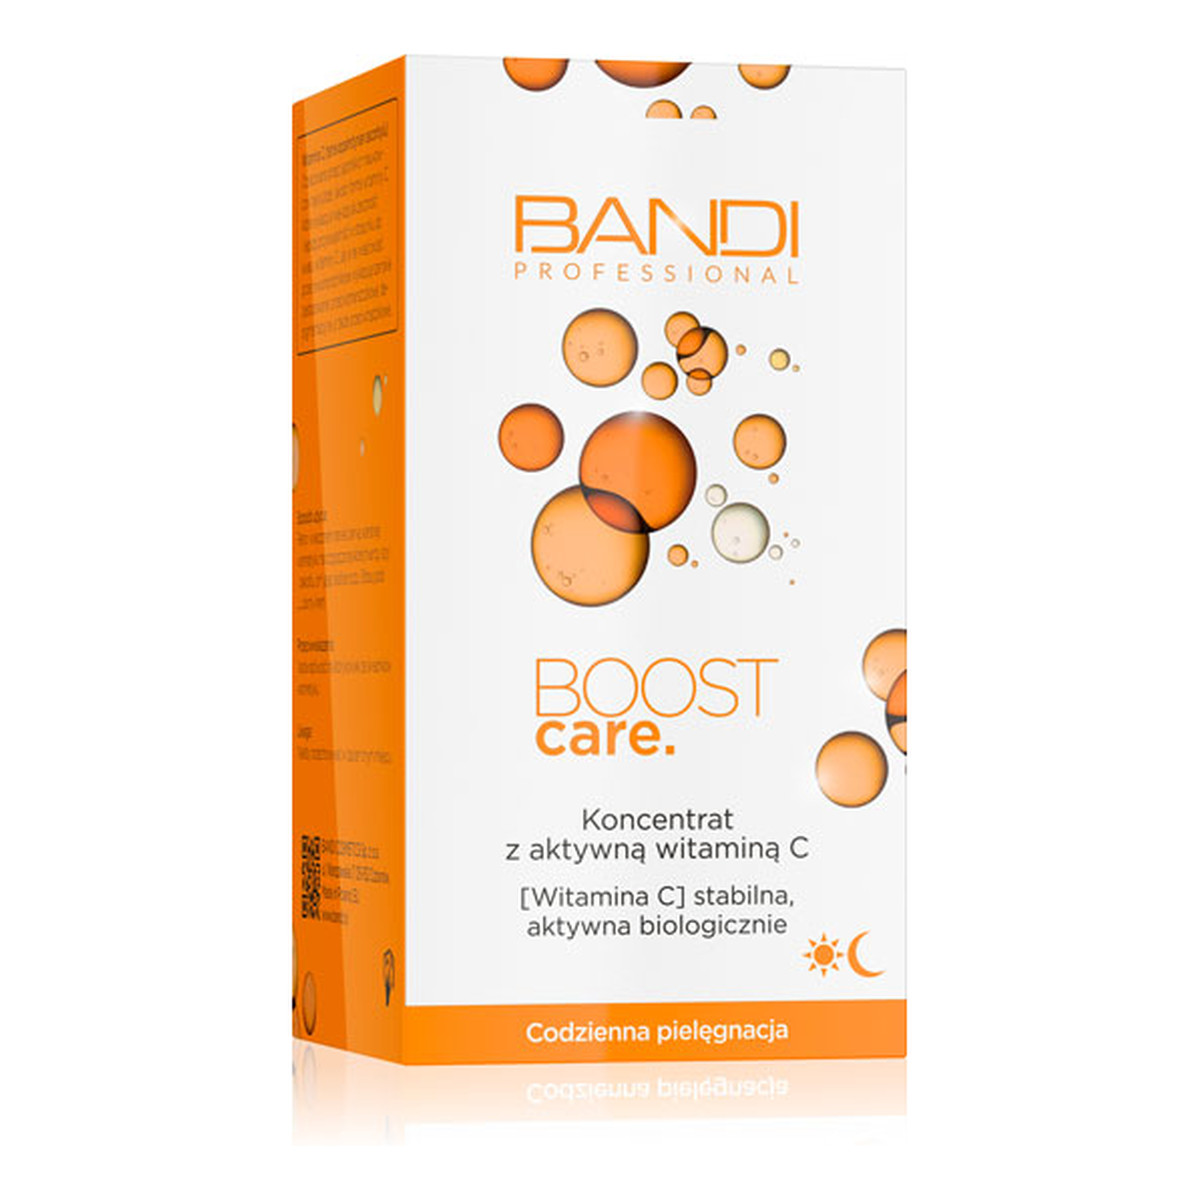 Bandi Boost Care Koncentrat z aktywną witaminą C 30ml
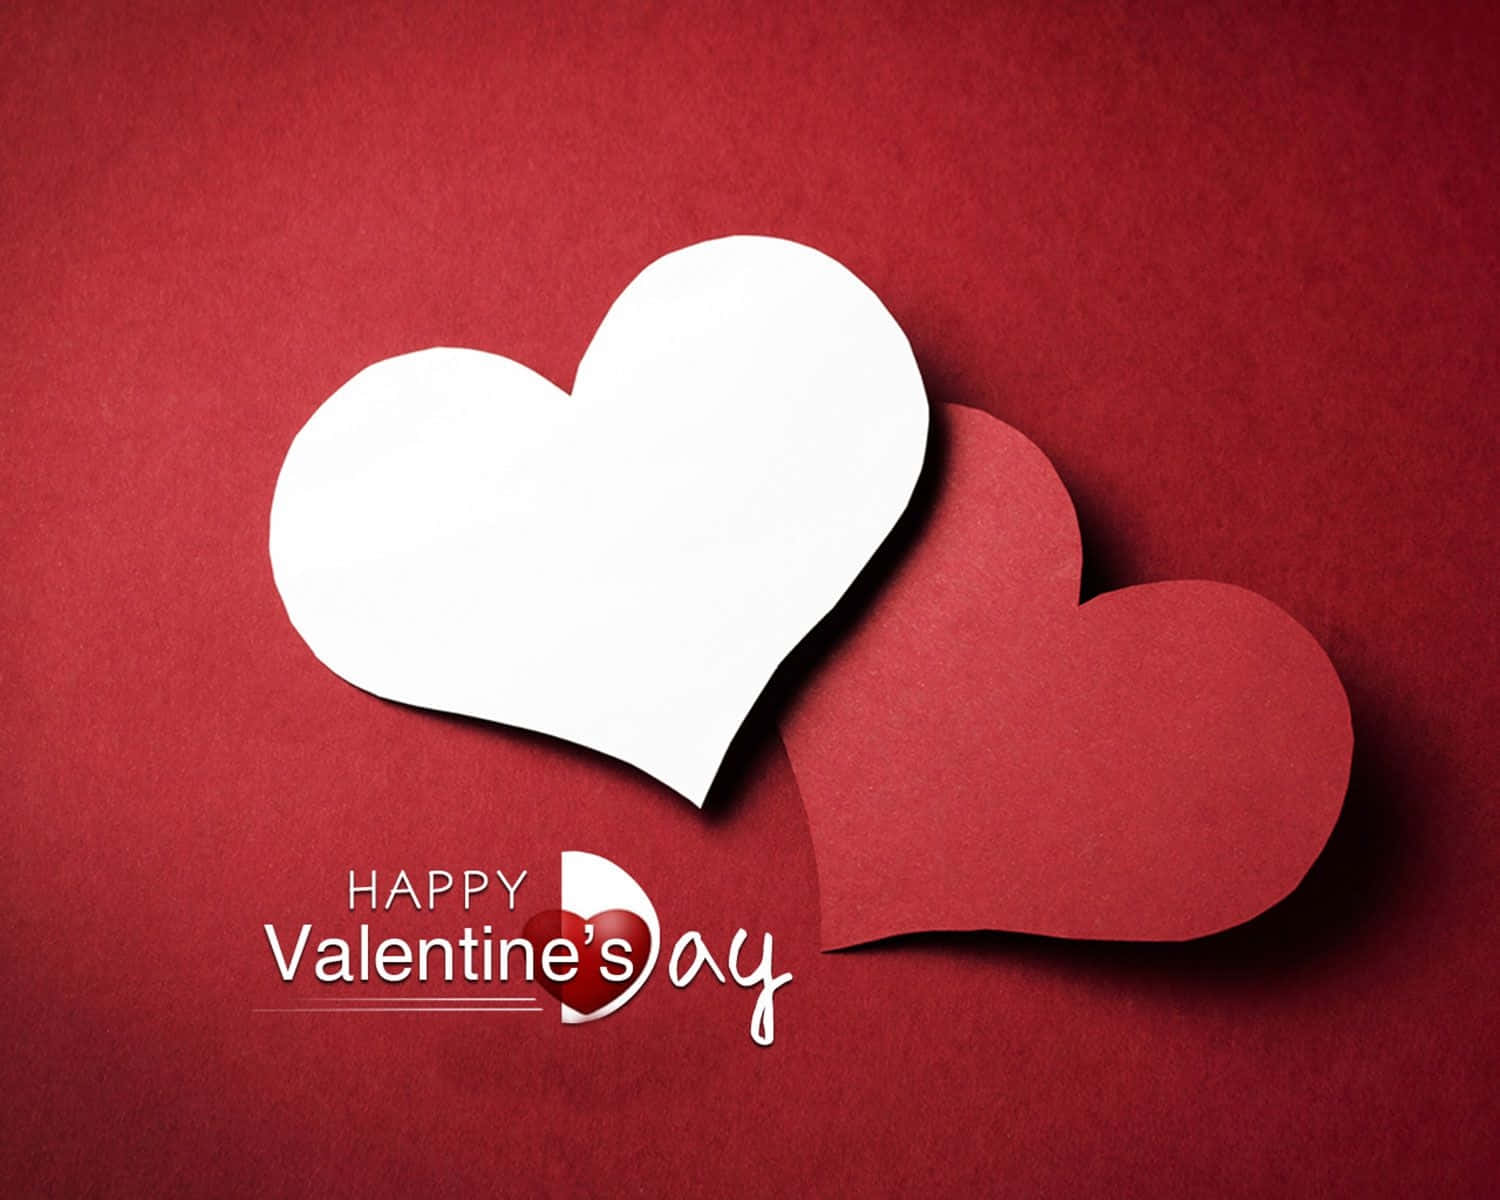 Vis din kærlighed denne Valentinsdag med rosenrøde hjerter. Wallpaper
**********
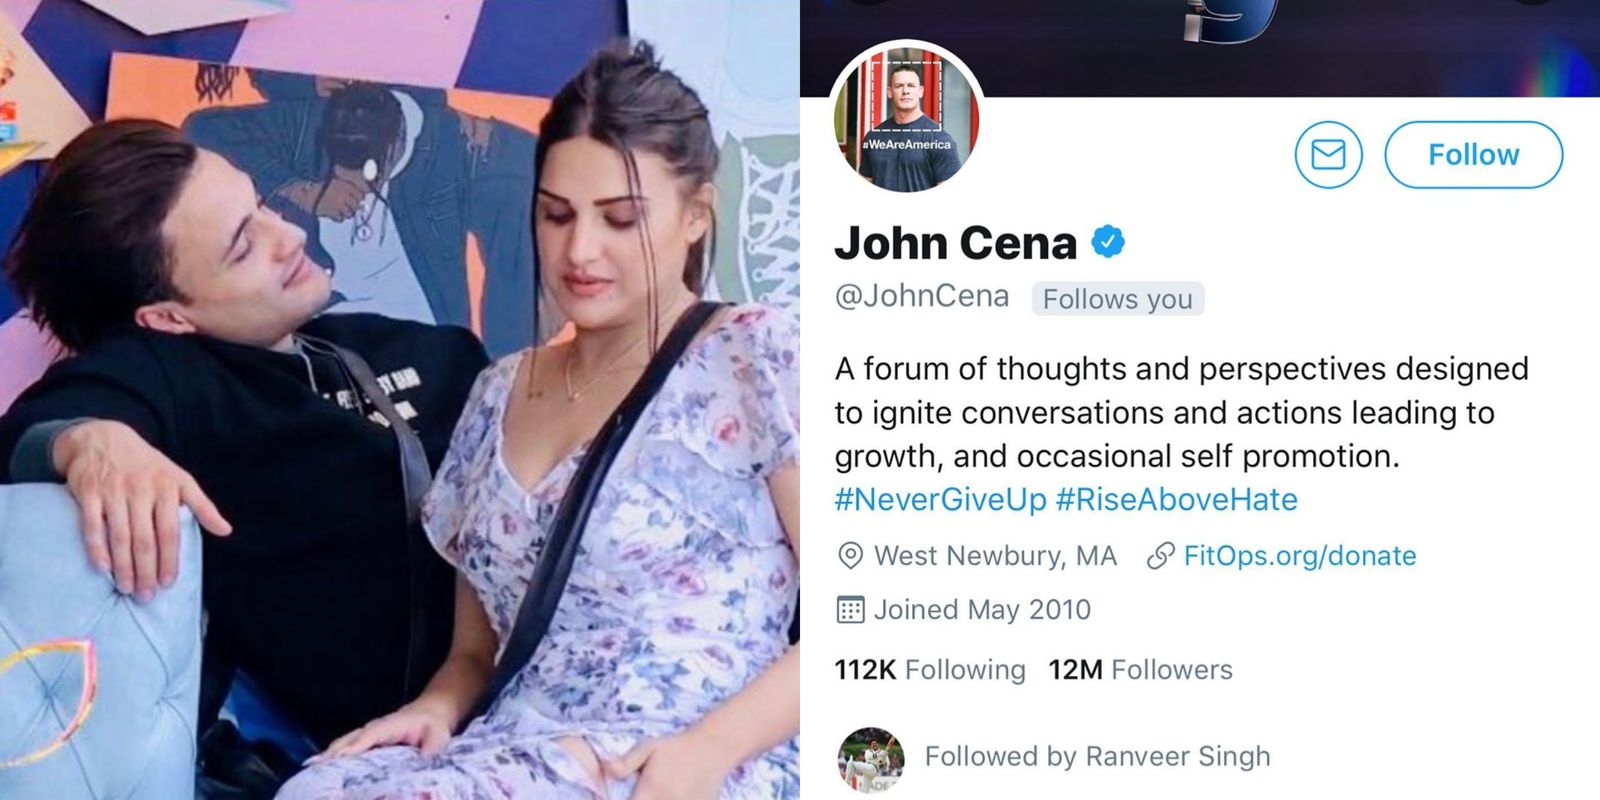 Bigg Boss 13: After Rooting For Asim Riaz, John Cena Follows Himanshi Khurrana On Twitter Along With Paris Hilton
**********
Go back to the listing above and write out the lines starting at the one with "Bandi Boost Care" and ending at the one with "Vis din kærlighed", inclusive, exactly and without pictures.

» **Written response**:
 Bandi Boost Care Koncentrat z aktywną witaminą C 30ml
 Vis din kærlighed denne Valentinsdag med rosenrøde hjerter. Wallpaper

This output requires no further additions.